Aさんの場合、60歳での退職金受給からまだ3年しか経っていません。iDeCoの積み立て期間(拠出期間)のほとんどが退職金の勤続期間と重なっているため、フルに使えるはずだったiDeCo側の控除枠が大きく削られ、結果として数十万円単位で手取りが減る可能性が浮上したのです。

2026年1月からの改正、受取の「順番」で変わるルール

さらに注意が必要なのは、2026年1月からの法改正です。iDeCoと退職金の受取順序によって、適用される期間制限が異なります。

  • 退職金が先・iDeCoが後:制限期間は19年(据え置き)
  • iDeCoが先・退職金が後:制限期間が5年から「10年」へ延長(2026年1月以降)

「どちらを先に、何年あけて受け取るか」という出口戦略の重要性が、これまで以上に高まっています。

最後の出口こそ「丁寧なシミュレーション」を

Aさんのケースから学べるのは、退職金とiDeCoは「別制度」でも「税の世界では地続き」だということです。受け取る順番、間隔、そして一時金か年金かという選択次第で、手取りは大きく変わり得ます。

たとえばiDeCoを年金形式で受け取れば、退職所得ではなく公的年金等控除の枠で考えることになり、退職金との重複問題からは外れます。ただし、その場合も他の年金収入との合算で課税の姿が変わるため、有利不利は人それぞれです。

大切なのは、受給を決める前にシミュレーションすること。「別制度だから大丈夫」という思い込みは、想定より重い課税という形で跳ね返ってきます。

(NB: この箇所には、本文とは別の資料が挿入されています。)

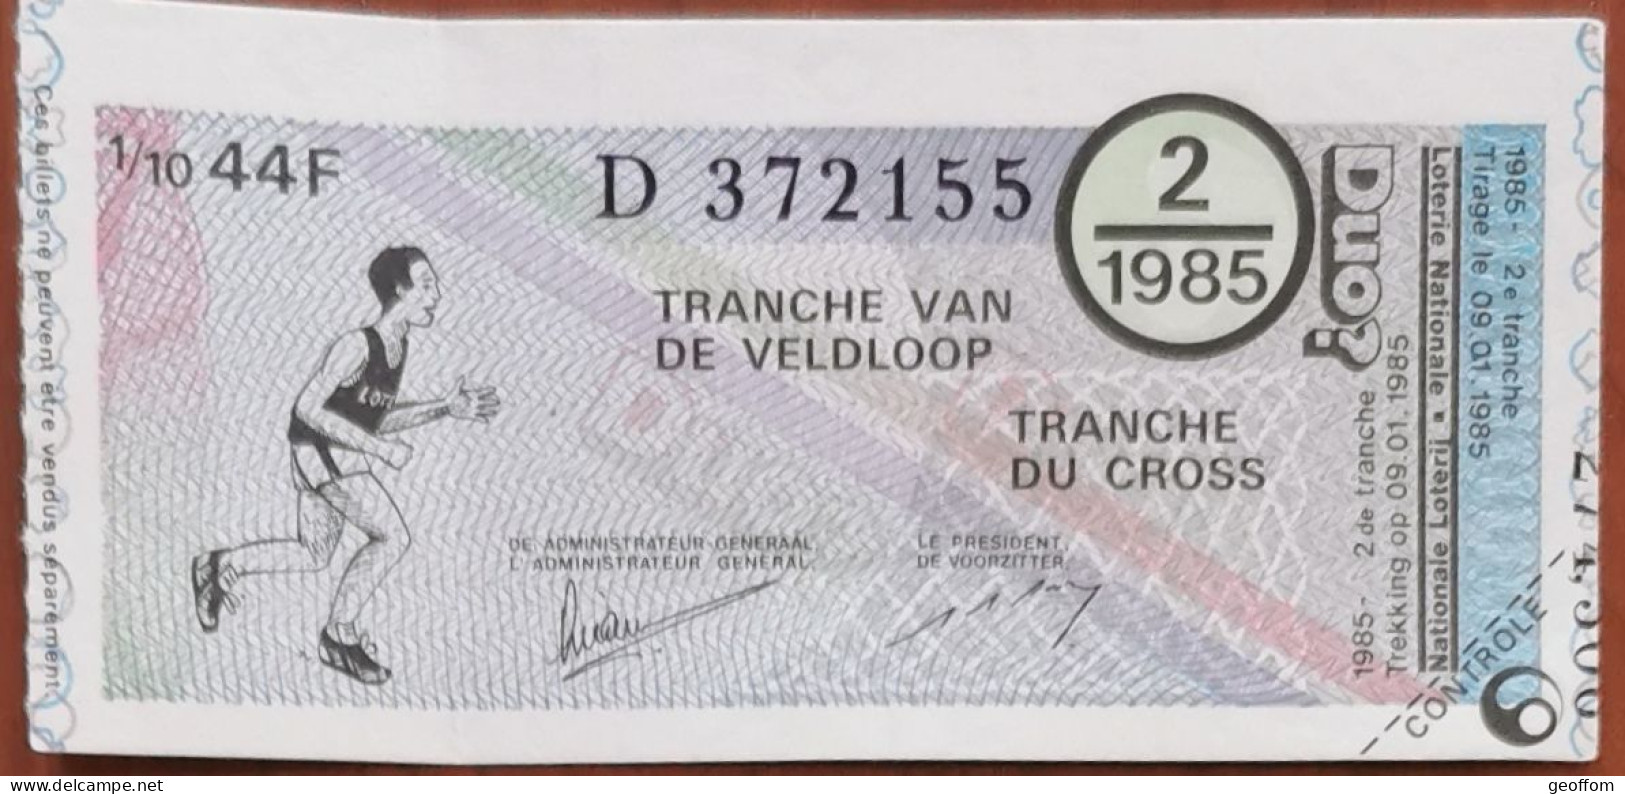 Billet De Loterie Nationale Belgique 1985 2e Tranche Du Cross - 9-1-1985 - Billetes De Lotería

ご自身のケースでどう受け取るのが最善かは、税務署または税理士にご確認ください。退職金とiDeCo、どちらも長年積み上げてきた大切な資産です。最後の出口設計こそ、ぜひ専門家と一緒に丁寧に組み立てていただければと思います。


※本記事の事例は、個別の税務判断を保証するものではありません。退職所得控除の計算や最新の税制改正の詳細については、必ず国税庁のウェブサイトを確認するか、税理士等の専門家にご相談ください。